▽
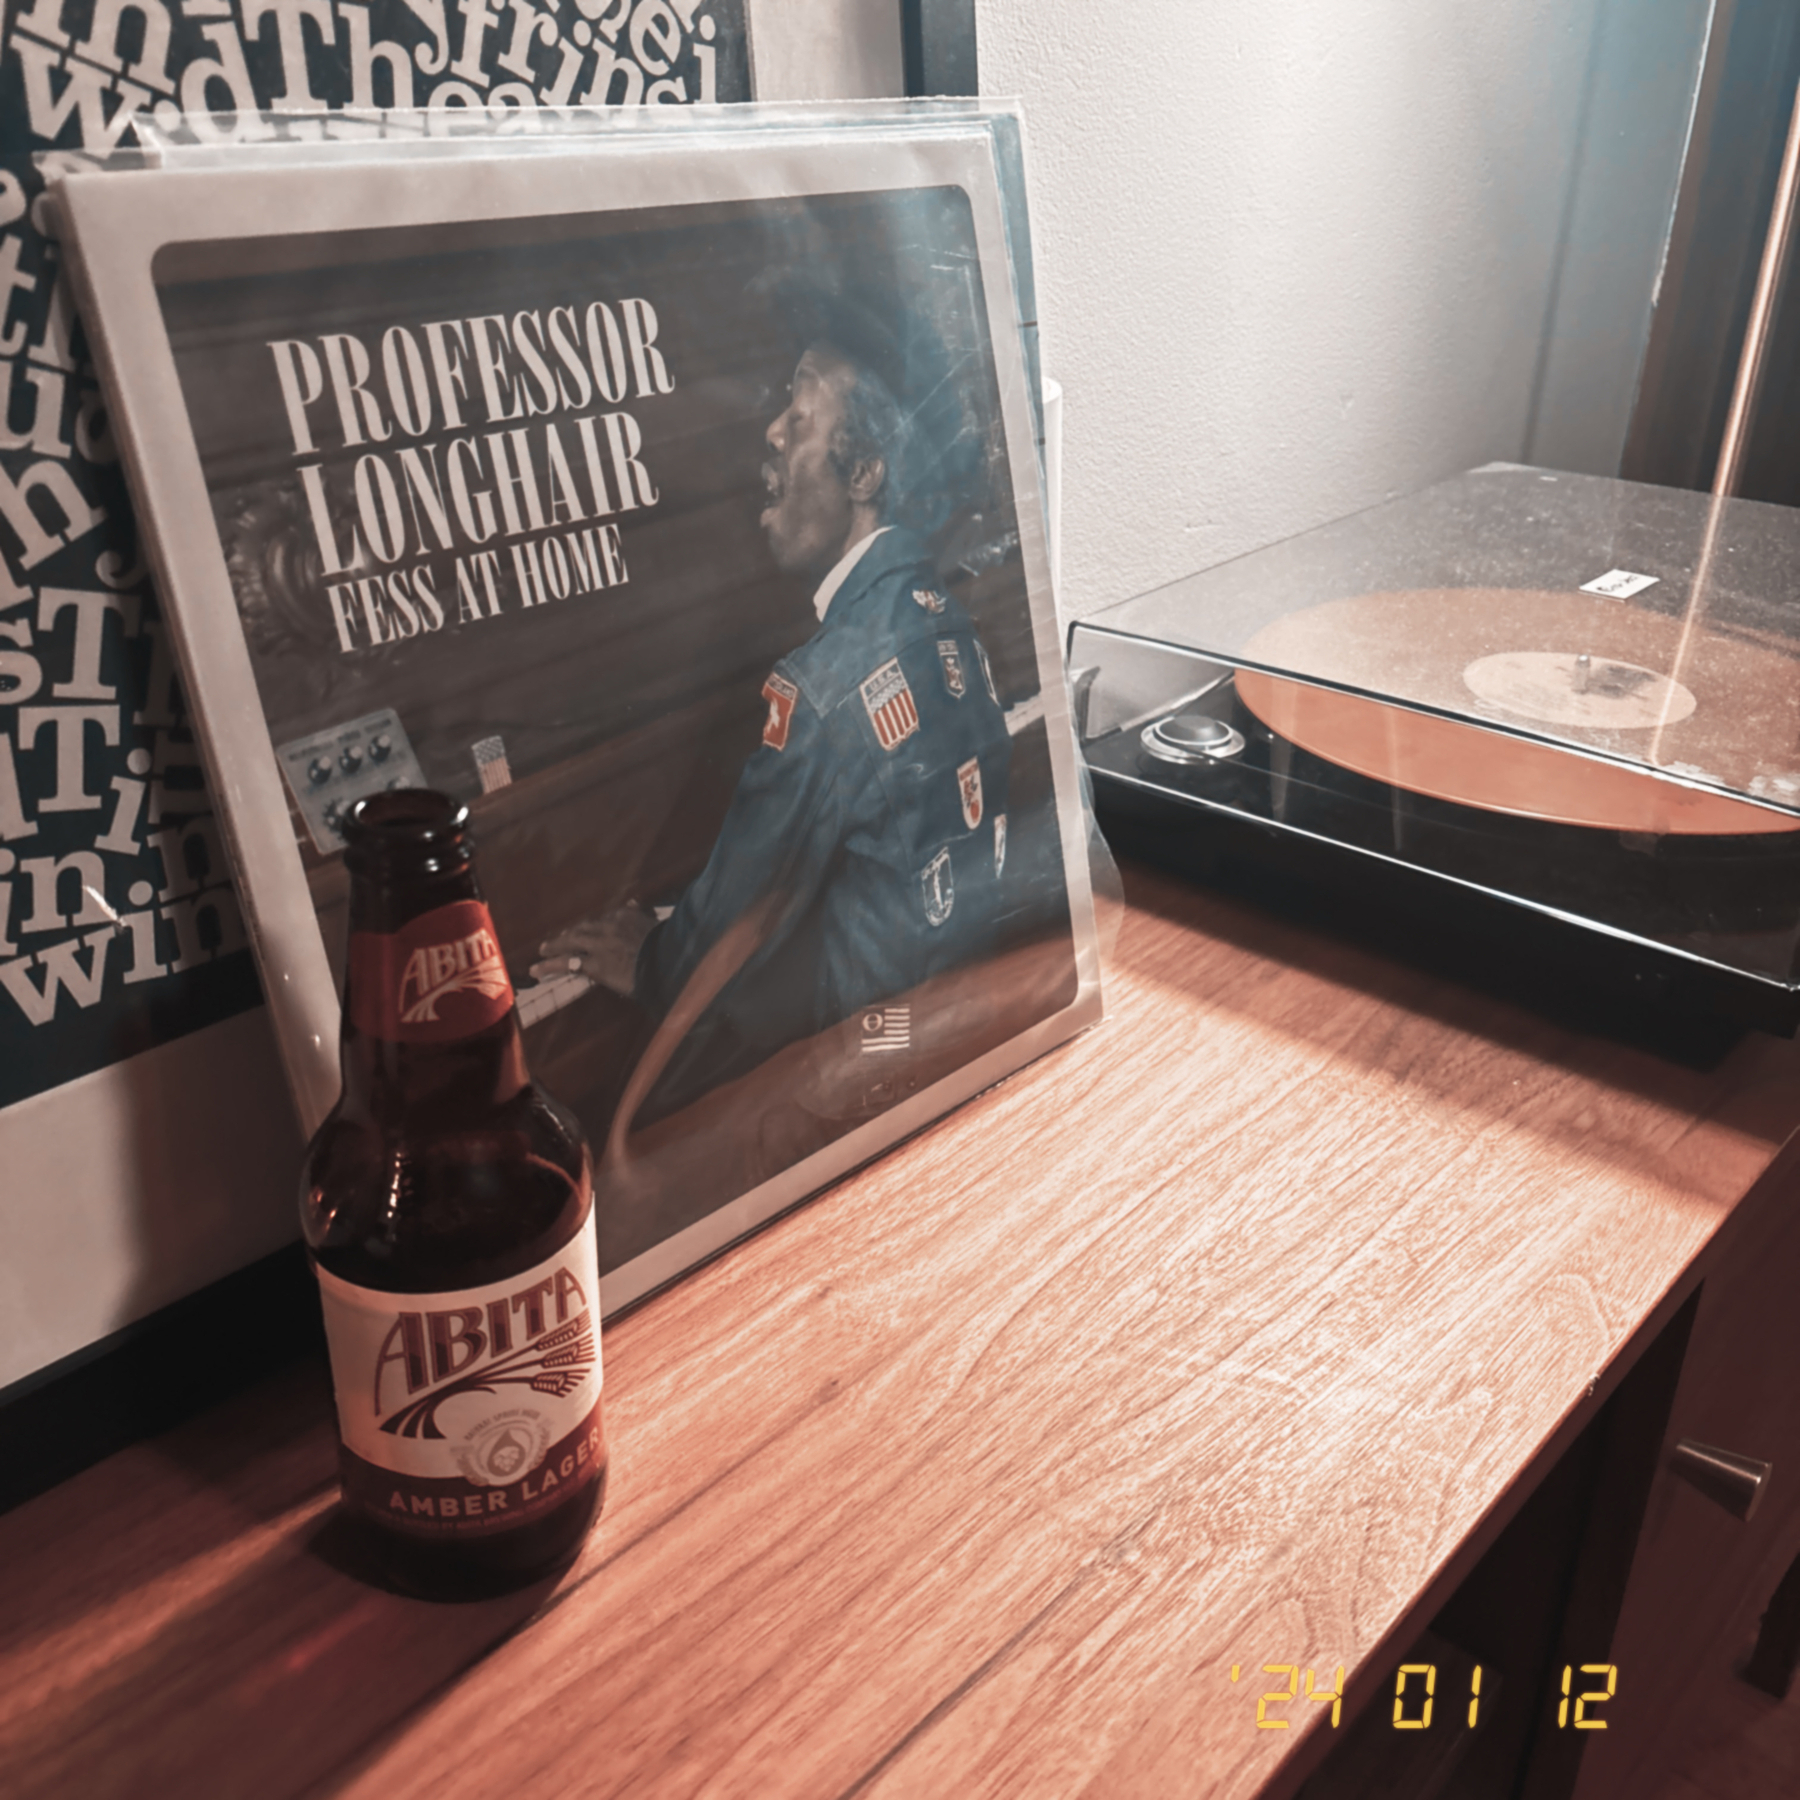 The album "Fess at Home" spinning on the record player with a strategically placed bottle of Anita Amber Lager. 
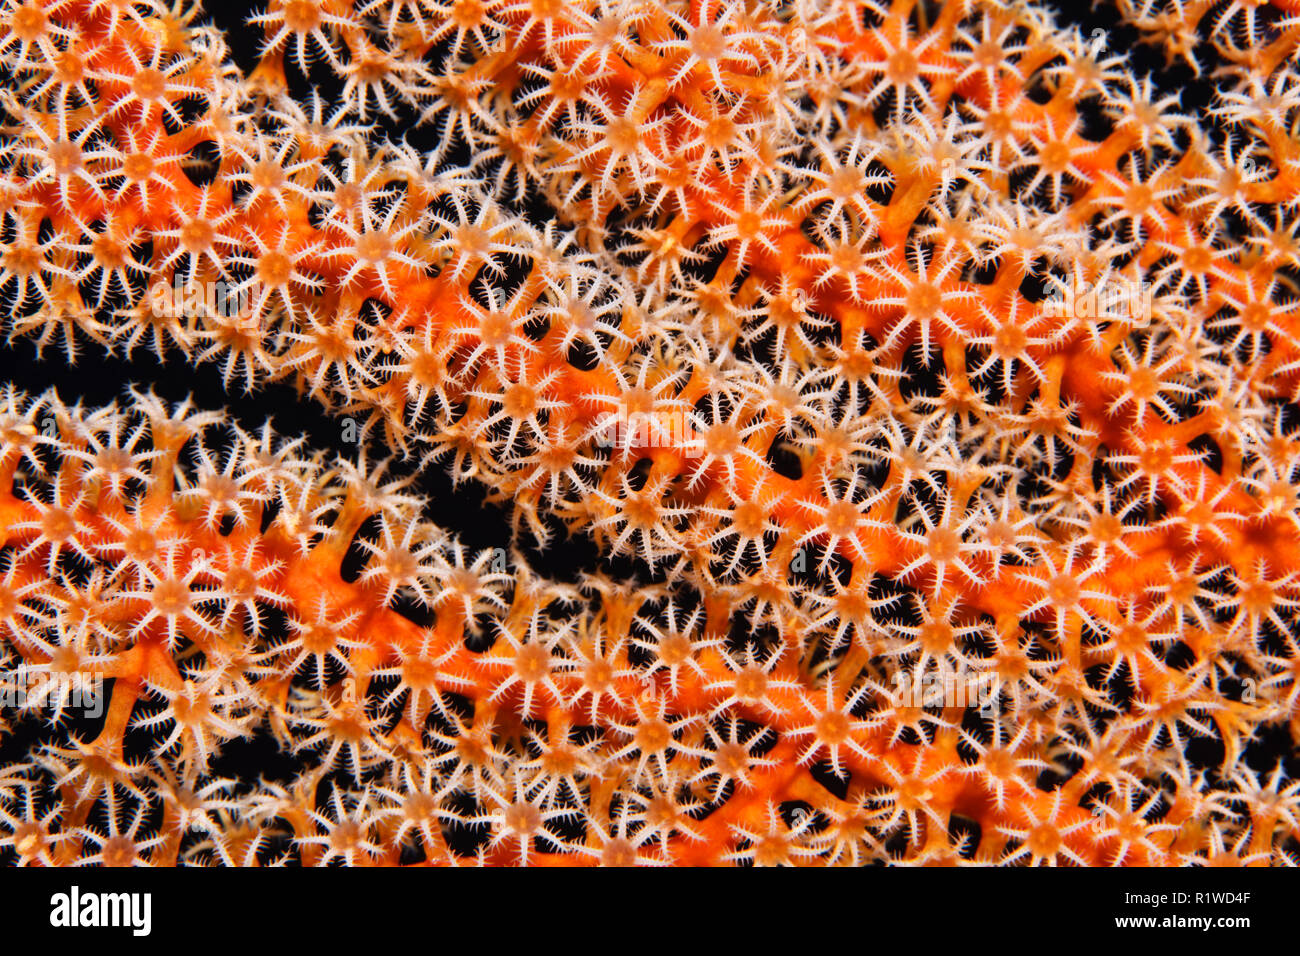 Coral fan, Gorgonian (Gorgonacea), detail with open coral polyps, Selayar South Sulawesi, Pacific, Indonesia Stock Photo
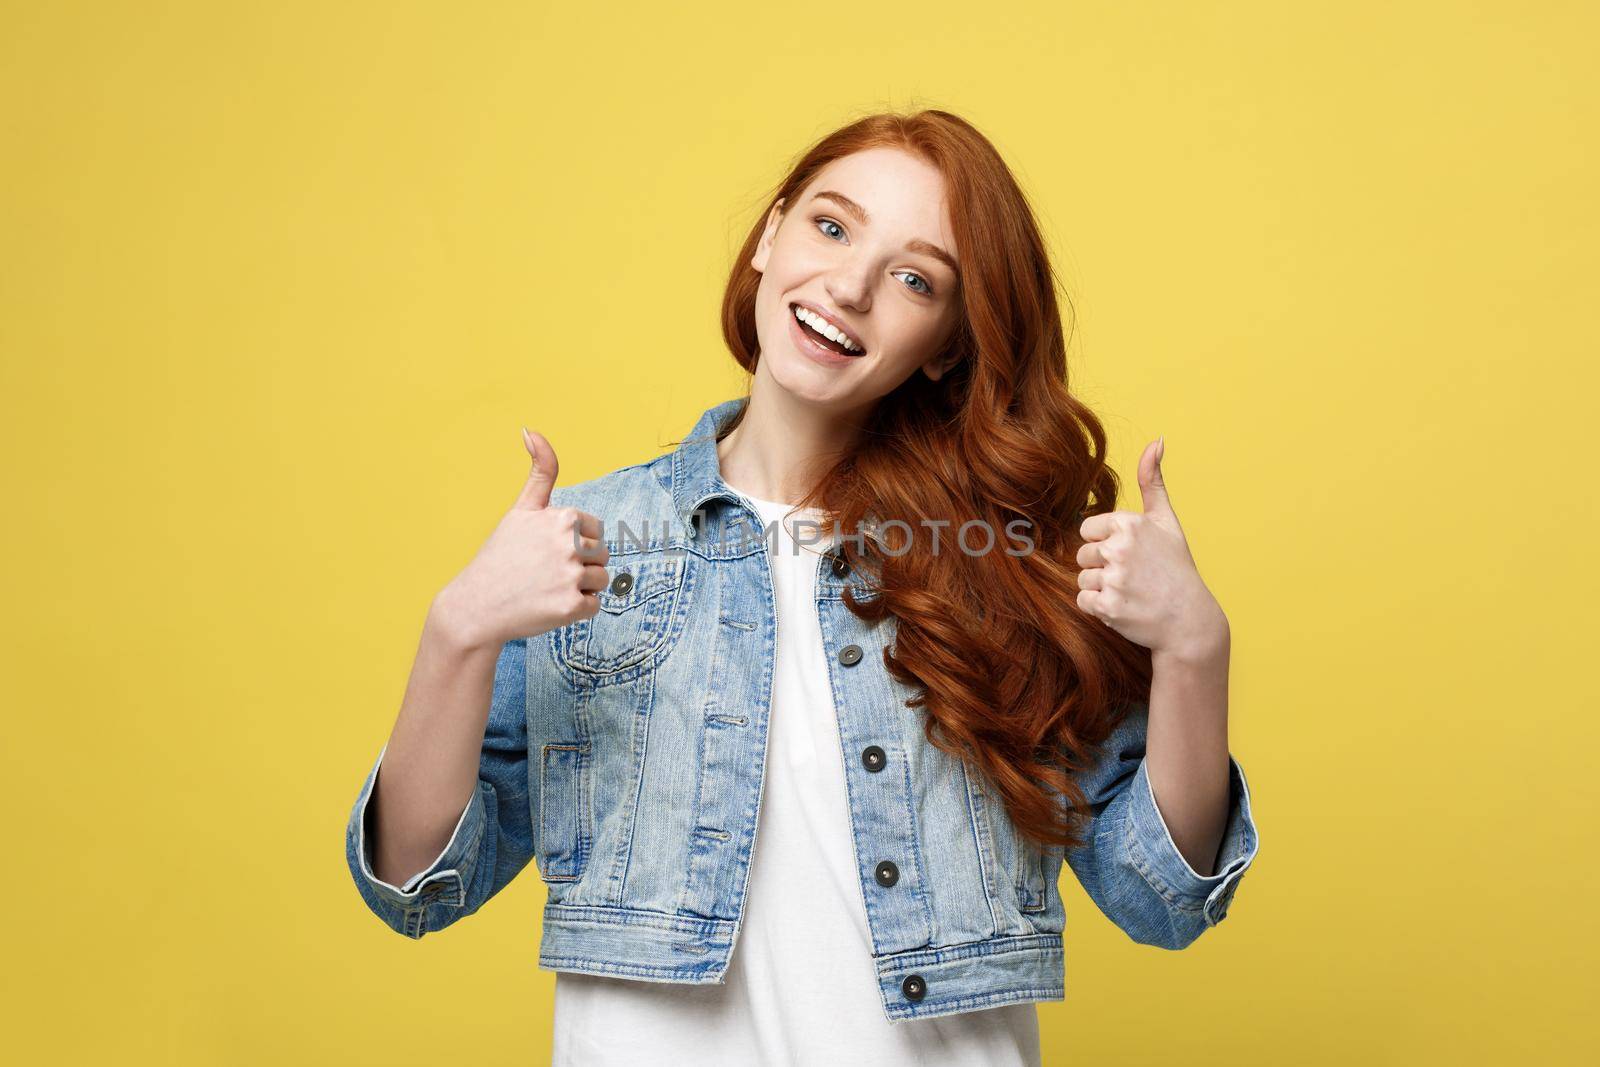 Lifestyle Concept: Satisfied successful girl with thumb up gesture on golden yellow background.
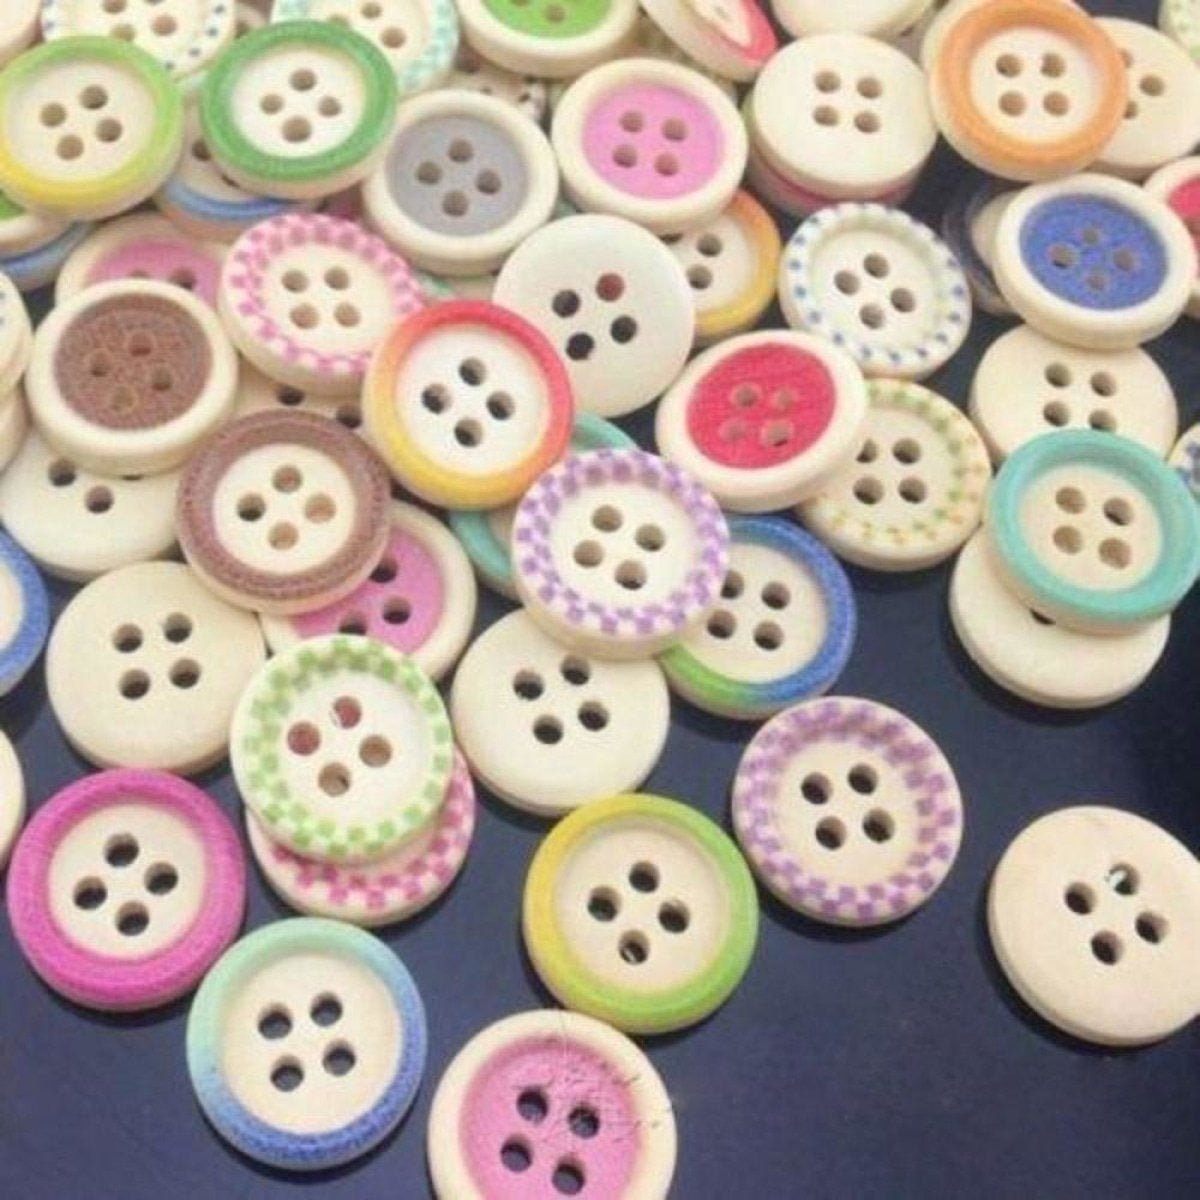 100pcs Mixed Wooden Buttons Flower for Clothing Craft Sewing DIY 2 Hole 15mm - Colourful - - Asia Sell
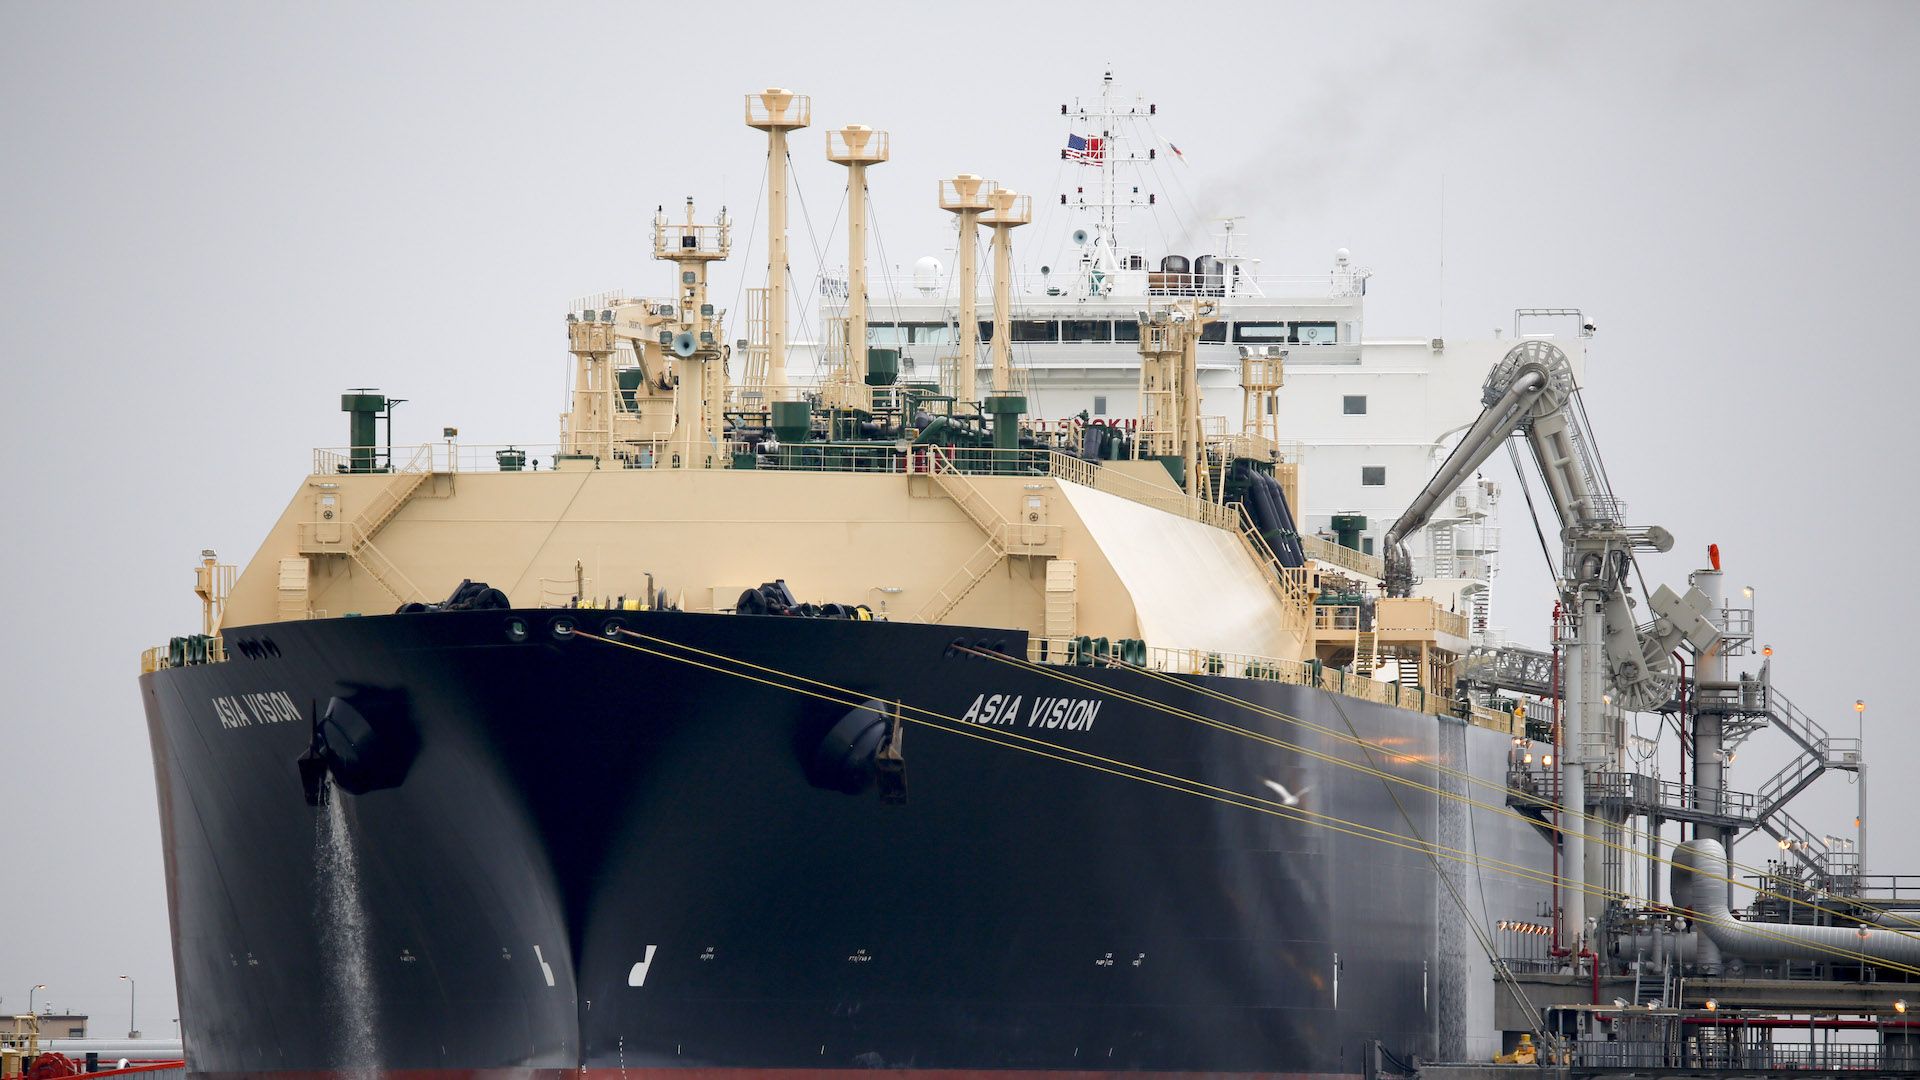 The Asia Vision LNG carrier ship
△
*WHAT IS REQUIRED*:
From the line containing "Coral fan, Gorgonian" down to the final line of the listing above, write out only those lines exactly as they are, minus the pictures.

*ANSWER BELOW*:
 Coral fan, Gorgonian (Gorgonacea), detail with open coral polyps, Selayar South Sulawesi, Pacific, Indonesia Stock Photo
 Lifestyle Concept: Satisfied successful girl with thumb up gesture on golden yellow background.
 100pcs Mixed Wooden Buttons Flower for Clothing Craft Sewing DIY 2 Hole 15mm - Colourful - - Asia Sell
 The Asia Vision LNG carrier ship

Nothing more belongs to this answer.